Permalinkby 06:06:11 am, Categories: Commentary - OpEd, 352 words   English (CA)

Neanderthal mammoth bone house featured decorative carvings, pigments

by Denyse O'Leary
ARN correspondent

In "Neanderthal home made of mammoth bones discovered in Ukraine" (PhysOrg.com December 19, 2011), Bob Yirka reports,

Up till recently, most researchers studying Neanderthals had assumed they were simple wanderers, hiding out in caves when the weather got bad. Now however, the discovery of the underpinnings of a house built by a group of Neanderthals, some 44,000 years ago, turns that thinking on its head. Discovered by a team of French archeologists from the Muséum National d'Histories Naturelle, in an area that had been under study since 1984, the home, as it were, was apparently based on mammoth bones. The team's findings are to be published in the science journal Quaternary International.
Why must this stuff always be a surprise?
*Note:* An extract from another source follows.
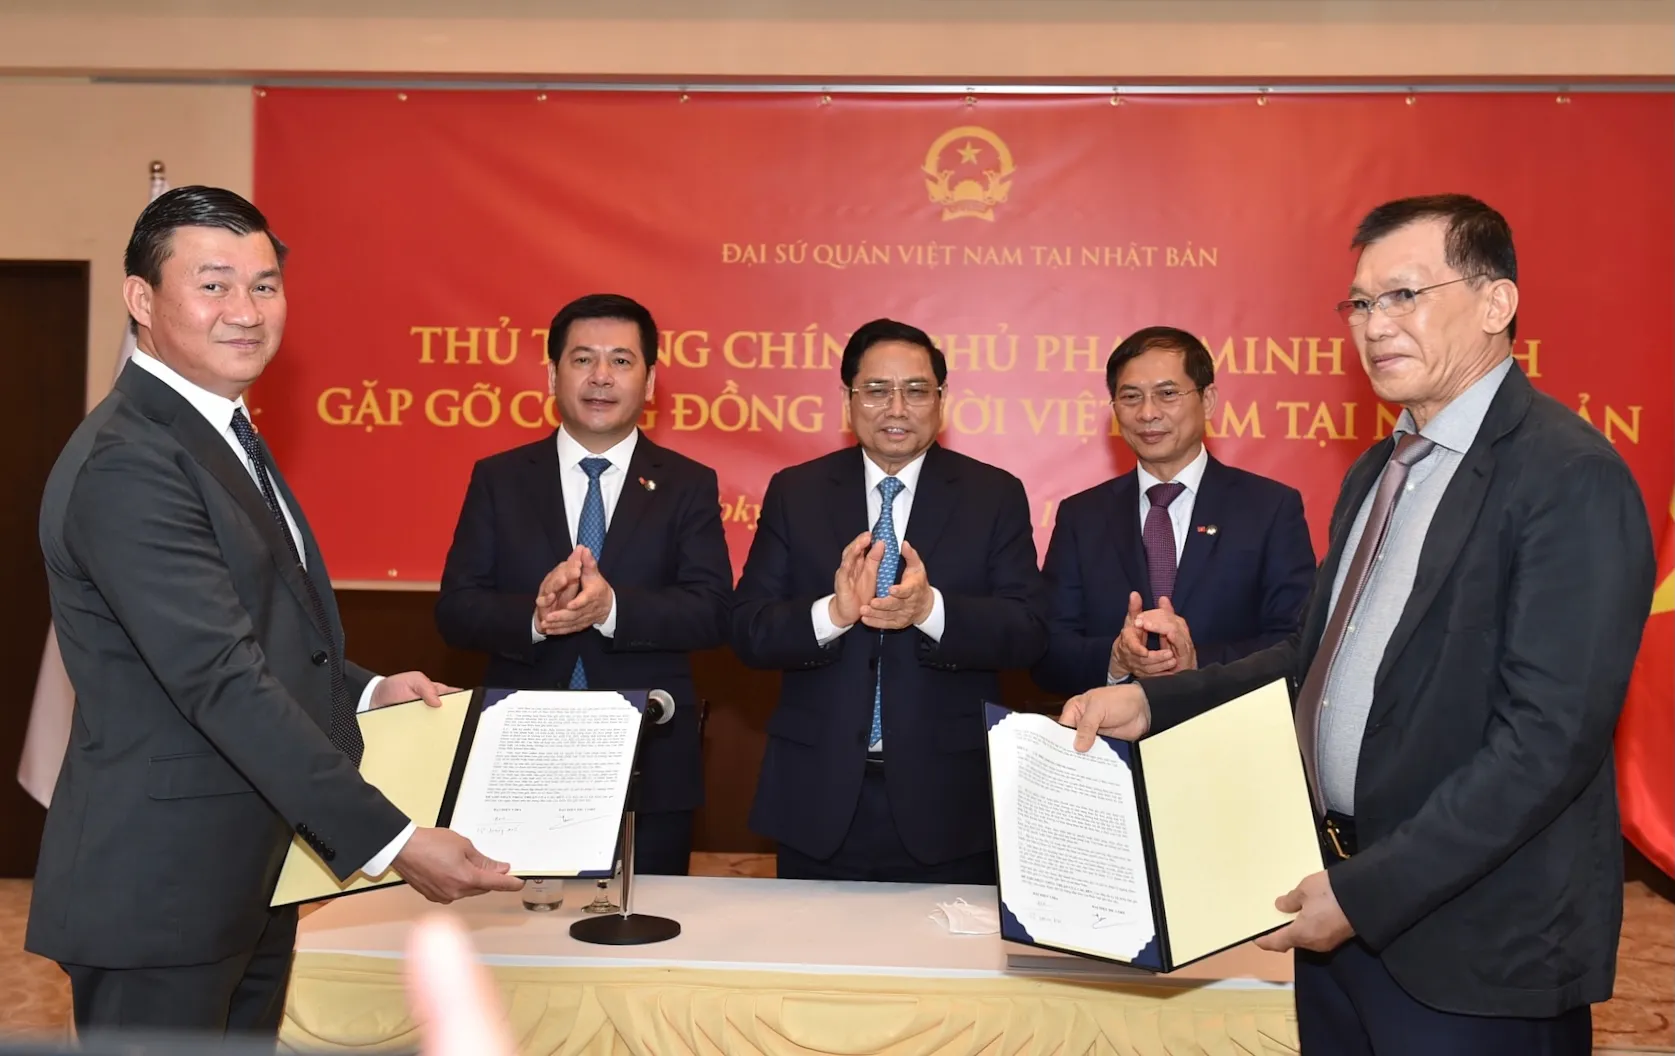 Thủ tướng chứng kiến trao văn bản hợp tác giữa công ty DIC và Hiệp hội Doanh nghiệp Việt Nam tại Nhật Bản. Ảnh: VGP

Over the past decade, new information regarding Neanderthals, a human ancestor that died out approximately 30,000 years ago, has come to light that tends to reverse decades of thinking. Instead of a clumsy, dim-witted people, it appears Neanderthals were more advanced than most had thought. Evidence of cooking, burying their dead, making jewelry and perhaps even speaking to one another has come to light indicating that first assumptions were a little harsh. Now, with the discovery of a home built by Neanderthals, it's clear they were far more sophisticated than anyone had imagined.

Actually, Darwinists desperately needed an ape man, to demonstrate the fabled ascent of man, and they co-opted the Neanderthals. Who appear to have quit the job.
Perhaps even more interesting was the fact that some of the bones used to build the house had decorative carvings and added pigments clearly showing that those that built the house, were in fact, building a home.
We told you. They quit. And their house might be worth more than yours nowadays ... well, it would get top marks for creative use of natural materials ...

One solution for the Darwinist would be to establish "ghost lineages" of ape men. They must have existed, and the speculations about them will be immune to correction by evidence.

Images Here. And Here.

Denyse O'Leary is co-author of The Spiritual Brain. Follow UD News at Twitter!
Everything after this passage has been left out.